「弱音を吐くな、笑顔でいろよ」怪我から復帰の巨人期待の主軸候補が胸に刻む言葉

巨人・山下航汰【写真提供:読売巨人軍】
巨人・山下航汰【写真提供:読売巨人軍】

リハビリ期間中に見ていた1軍左腕の一生懸命な練習姿

 貴重な時間は他にもあった。同じようにけがで育成契約となった左腕・高木京介投手がリハビリをしている時だった。

「京介さんはすごいなと思いました。育成契約になることが決まった次の日も、普通にやるべきことを表情ひとつ変えず、黙々とやっていました。辛かったはずですし、苦しい練習しているのに、全然、苦しそうじゃない。見ていて、やっぱり1軍の選手なんだと思いました」

 自分はどうだろうか。大好きな野球が奪われ、下を向いていた日々を思い出す。思うように患部が完治せず、ストレスばかりが溜まっていく。5月末にけがをしてから、7月までは気持ちが前をなかなか向かなかった。
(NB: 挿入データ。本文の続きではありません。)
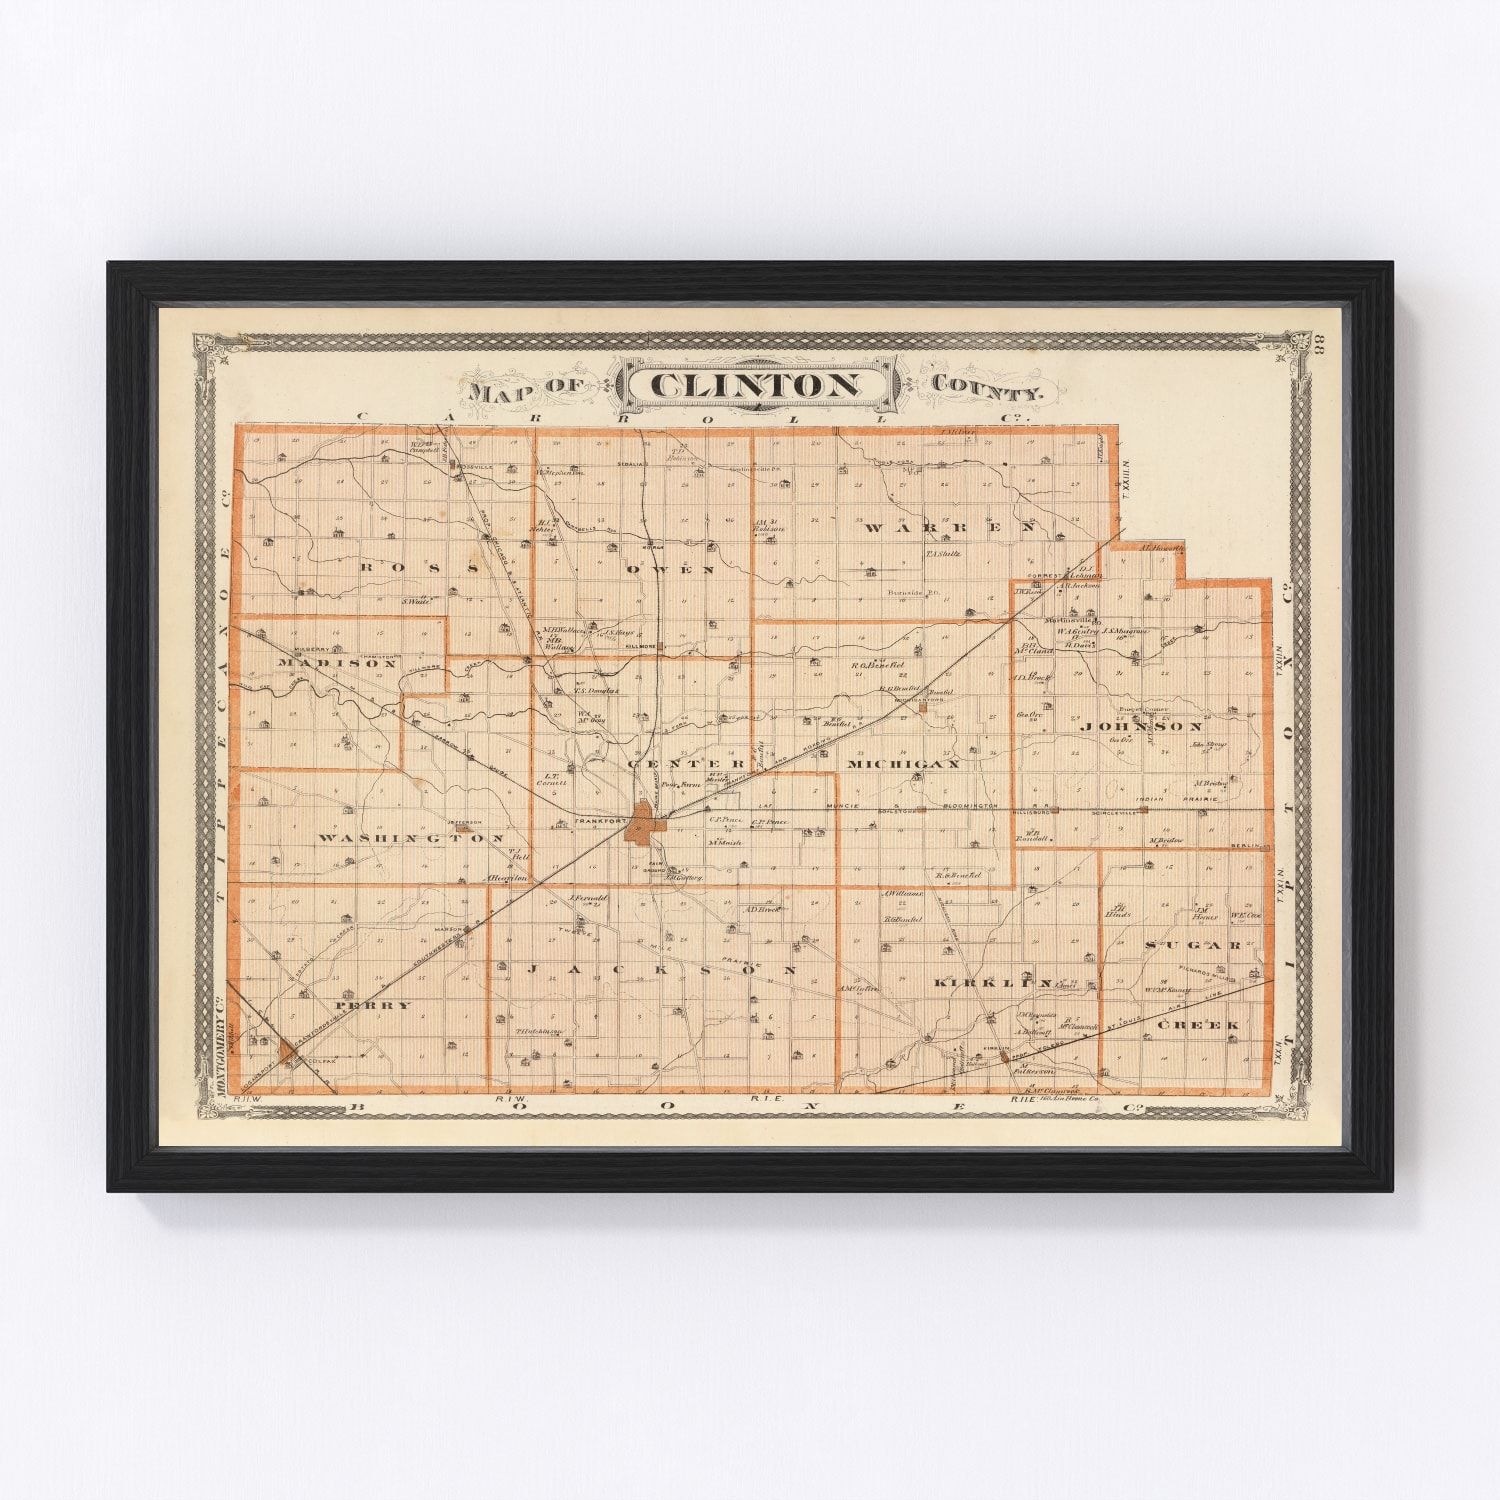 Vintage Map Of Clinton County Indiana 1876 By Teds Vintage Art 2890

「(けがが重なり)なんで、僕だけなんだろう……と思ったりもしていました。9月くらいにようやく治ってきて、野球ができるようになり、気持ちは戻っては来ましたが、結構、メンタルはやられていました」

 若手選手は負傷した主力選手がファーム施設でリハビリをする姿を見ることがある。1軍選手はそこで“真価”が問われる。自暴自棄になっていないか、けがをした時点よりもパワーアップしているか、前を見据えているのか……。巨人に限ったことではないが、チームはそのような歴史が繰り返されている。原、桑田、高橋由、小笠原、阿部、二岡……強い選手を作る球団の系譜は受け継がれたのかもしれない。
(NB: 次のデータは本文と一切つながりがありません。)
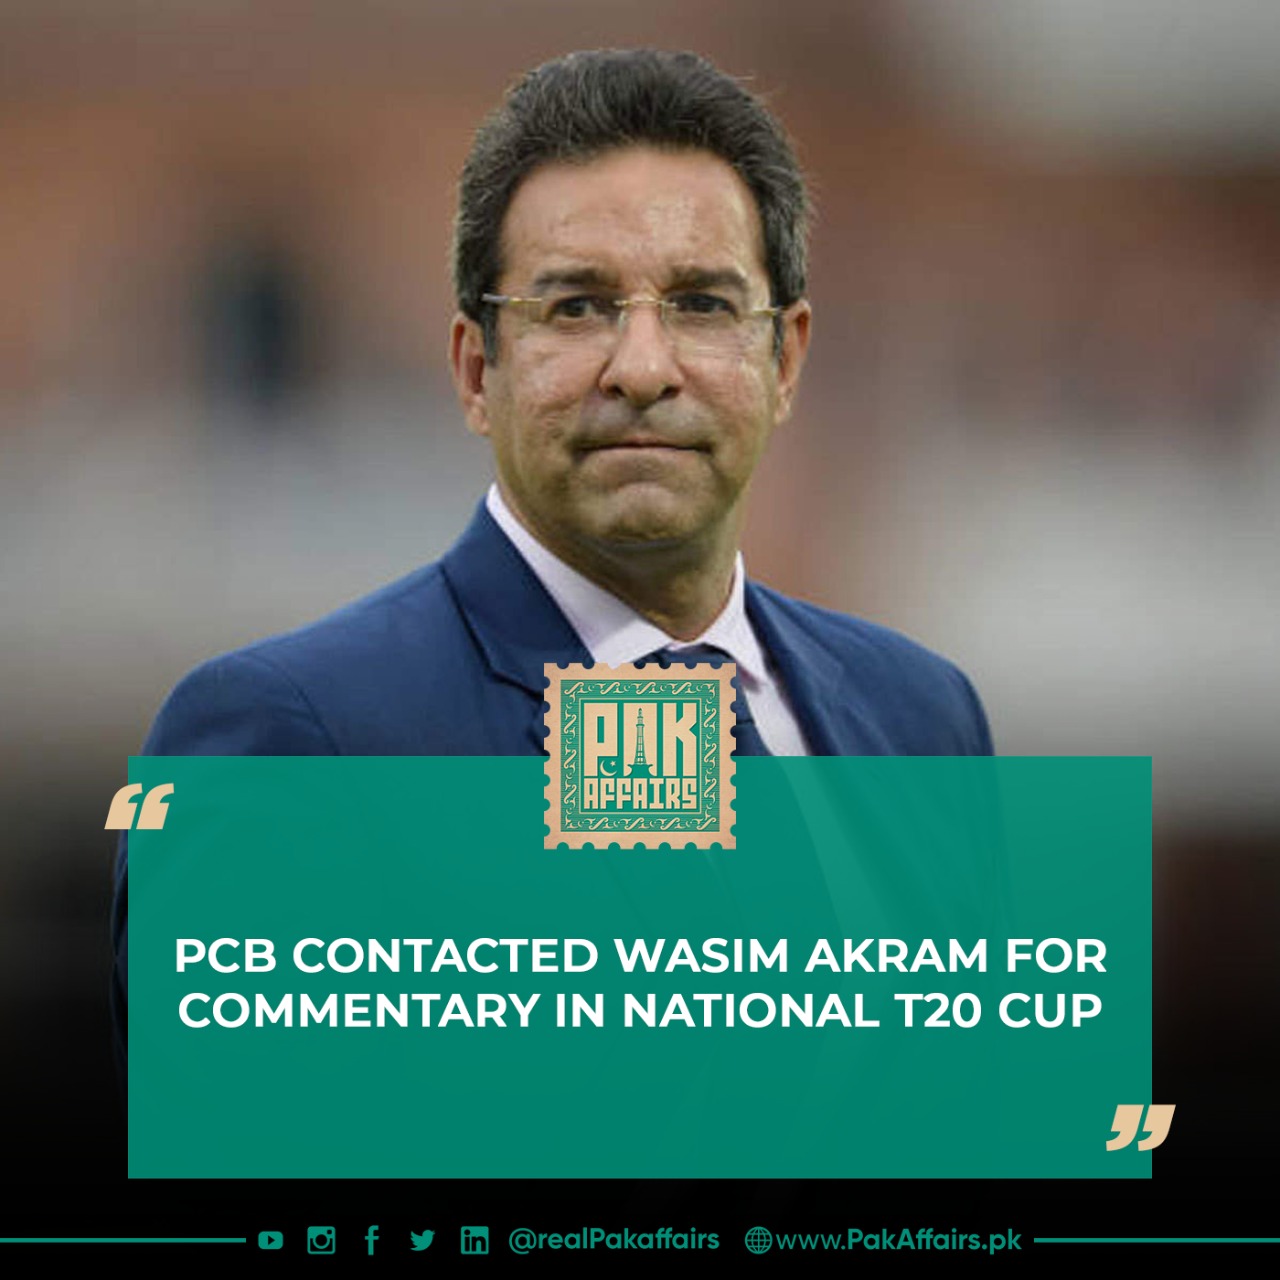 PCB Contacted Wasim Akram for commentary in National T20 Cup

 もしも、下を向いているあの時の自分に声をかけられるとすれば、どのように声をかけてあげるだろうか?

「弱音を吐くな、笑顔でいろよ!……ですかね(笑)」

 これから成長の階段を昇っていく山下にとって、決して無駄な時間ではなかった。

「まだ(オープン戦)数試合ですけど、成長できたのかなと思います。まずは今あるチャンスを確実にものにして、支配下選手になって、1軍の試合に出ている姿を見せたいと思います。これからも自分との戦いです」

 インタビューを終えると、全体練習に先駆けて、ウエートトレーニングをするために部屋を出た。将来の主軸候補として期待を抱いた1年前よりも、精神的に強くなって、山下は戻ってきた。